Experimenting with Connection Pooling
Connection pooling can be a great way to increase performance and scalability in your ODP.NET applications; however, it is also a feature that can be confusing to figure out as there are several parameters used in the connection string that control the behavior of the feature. These parameters are all fully documented in the documentation that ships with the data provider. In brief, the primary parameters used to control connection pooling are (see documentation for additional parameters):
- Pooling - Enables or disables the connection pooling feature
- Min Pool Size - Specifies the minimum number of connections that can be in the pool
- Max Pool Size - Specifies the maximum number of connections that can be in the pool
- Incr Pool Size - Specifies the increment value (the number of connections) to be added if the connection pool needs to grow in size
- Decr Pool Size - Specifies the maximum number of connections that may be removed from the pool in a single "downsizing" operation
- Connection Lifetime - Specifies the amount of time that a connection must be active after which the connection will not be returned to the pool (i.e. it will be disposed)

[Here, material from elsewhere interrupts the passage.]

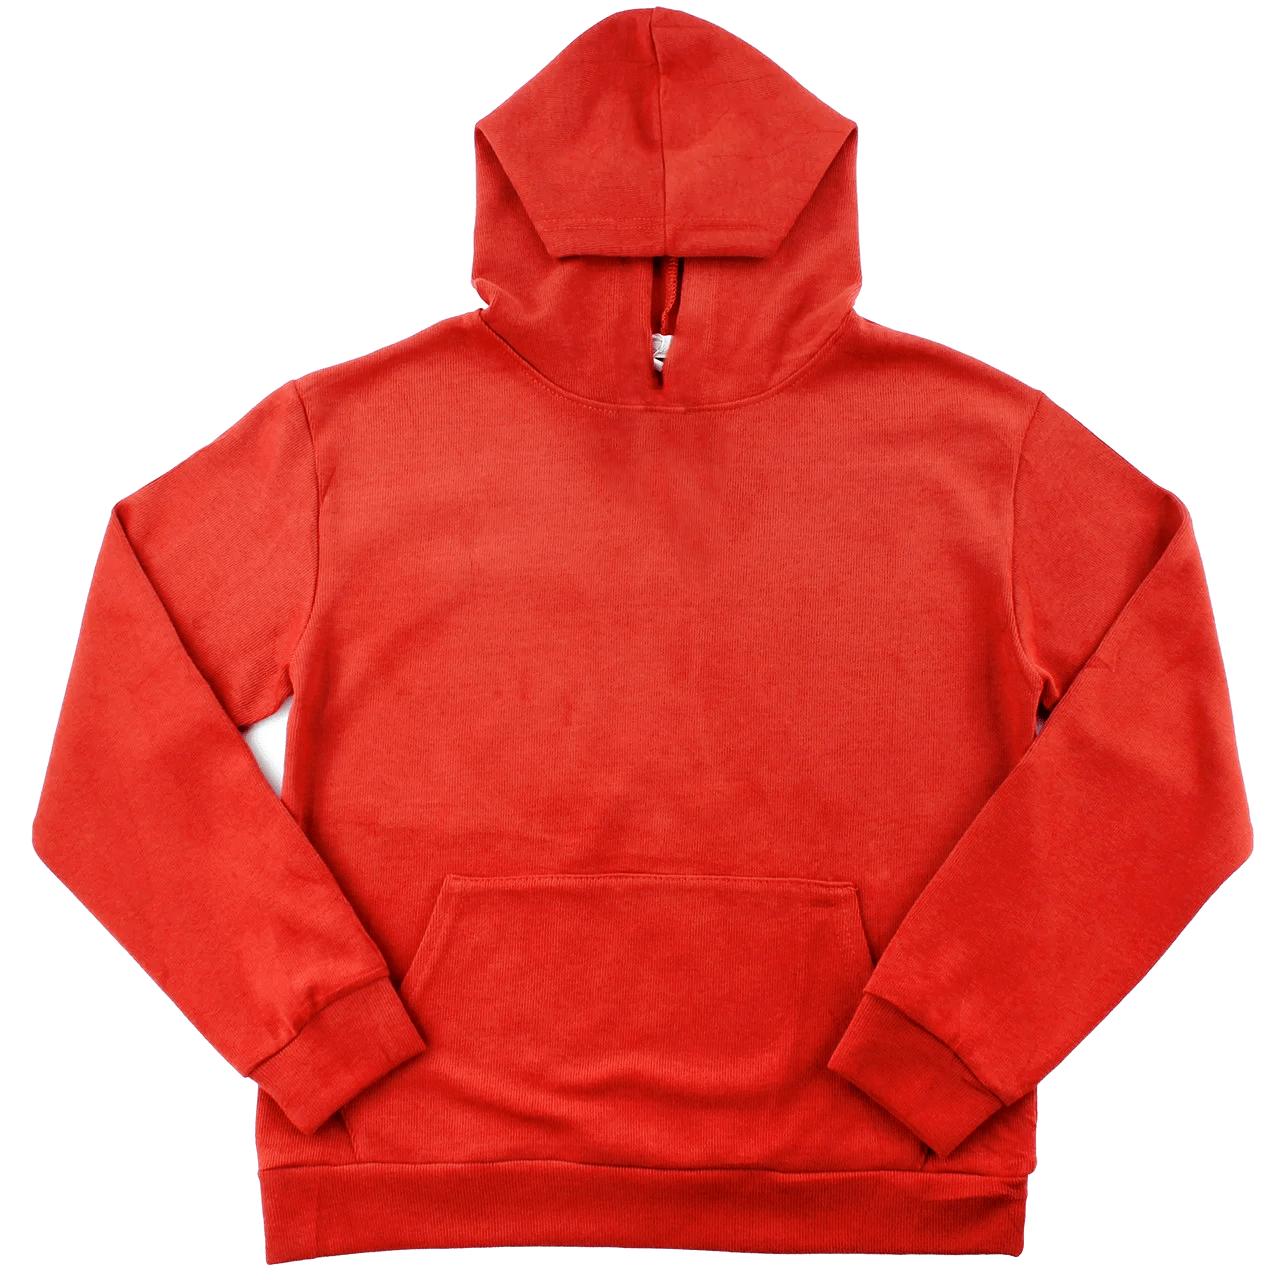 Молодіжні худі однотонні з кишенею повсякденні жіночі худі з капюшоном Red

- Connection Timeout - Specifies the amount of time that the provider will wait for an available connection from the pool
In ODP.NET each connection in the pool is represented by a physical connection to the database. There is a one-to-one relationship. If there are 4 connections in the pool there will be 4 corresponding connections in the database. This is another way of saying that ODP.NET connection pooling does not implement multiplexing (or sharing) of connections. Another important characteristic is that a connection pool is associated with a client process. This means that if you implement connection pooling in an application and there are 8 copies of that application simultaneously running at any given time, there will be 8 connections pools - one for each instance of the application process.

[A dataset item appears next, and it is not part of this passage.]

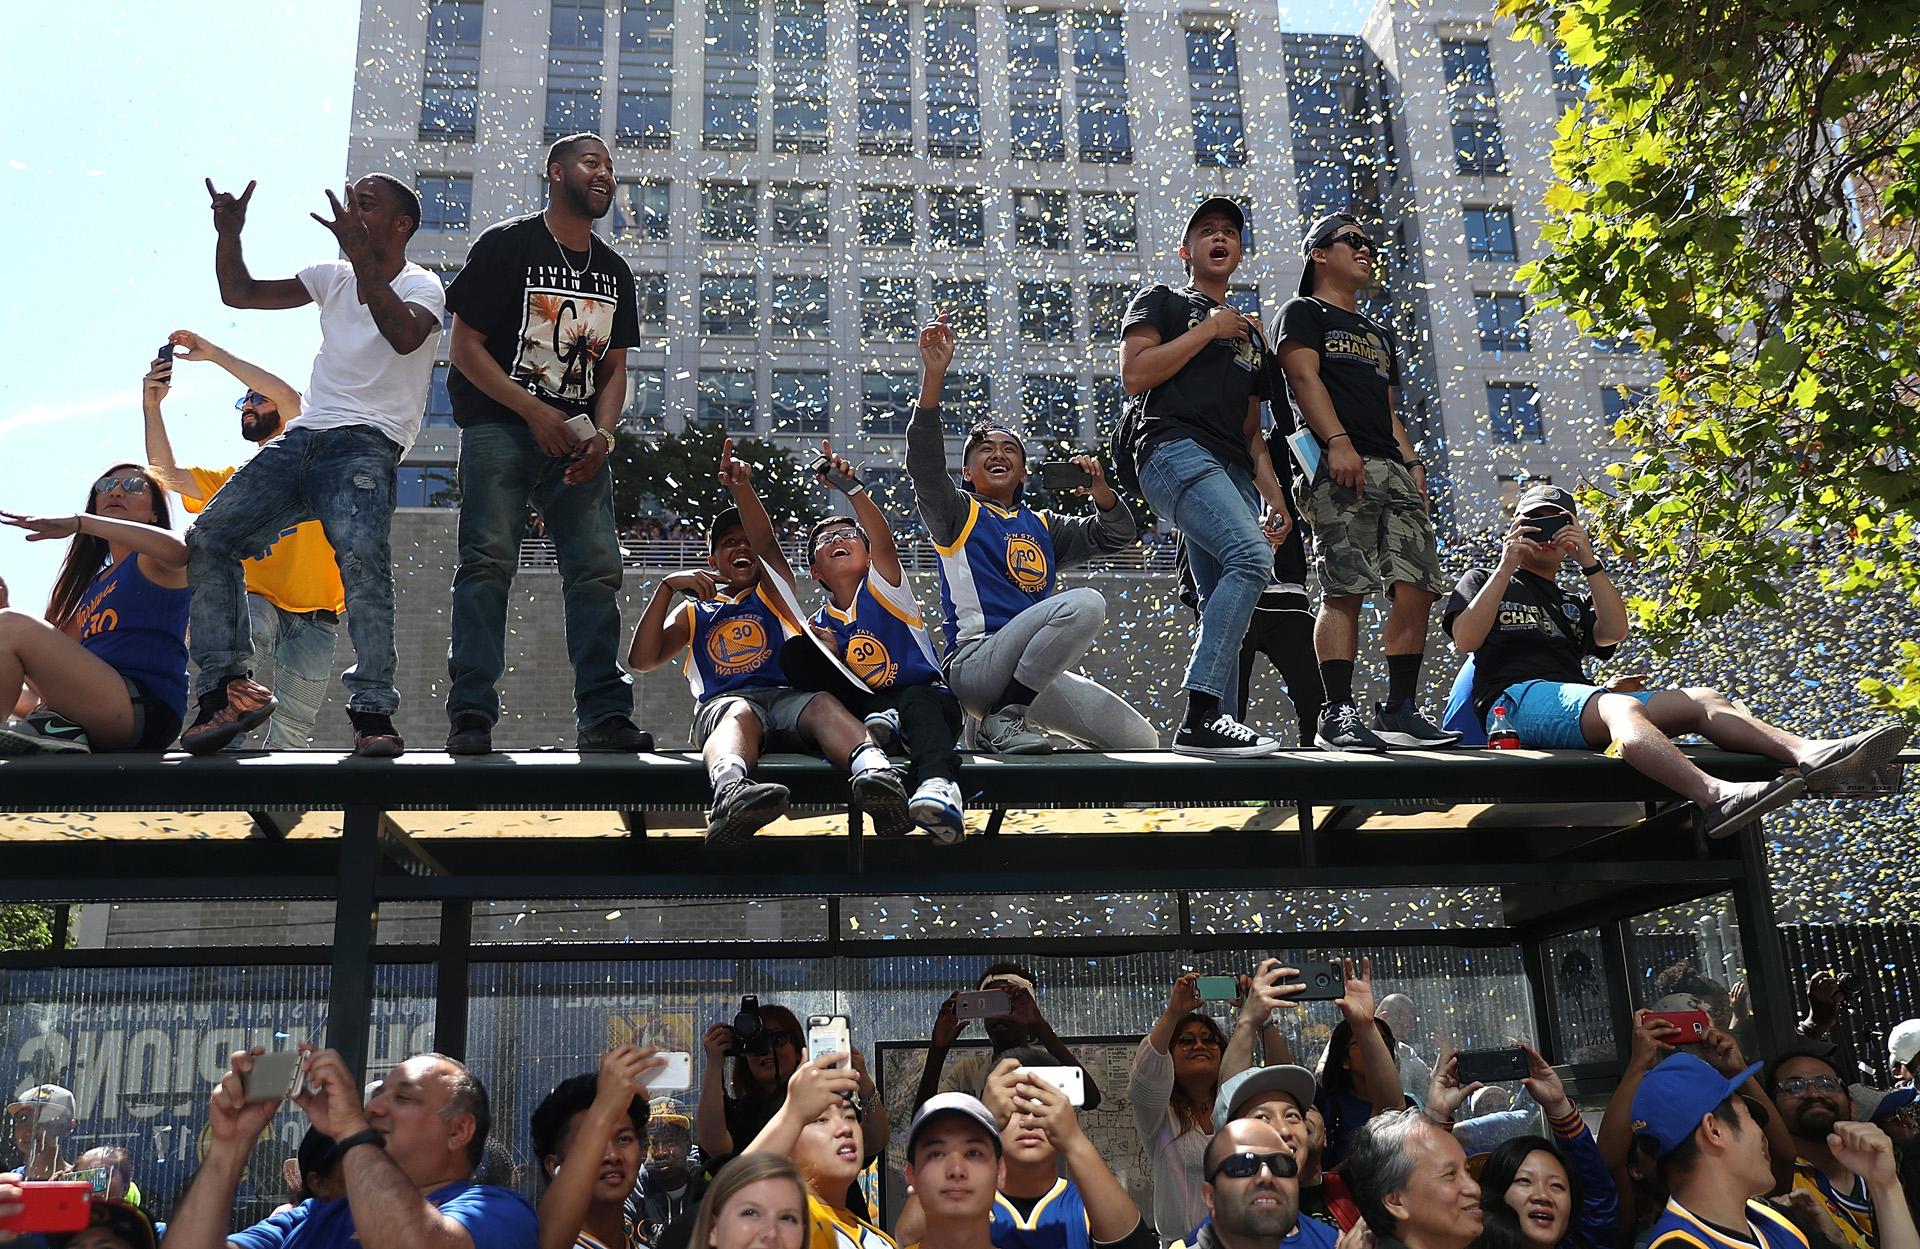 La locura de los fanáticos que en tres años conquistaron la NBA en dos oportunidades

Because a connection pool is associated with a specific instance of an application it can possibly be a bit difficult to test the impact and operation of the various connection string parameters related to connection pooling. I've put together a simple project that uses threads to test connection pooling. This allows the single application process to create multiple connections (and thus multiple entries in the connection pool) to the database.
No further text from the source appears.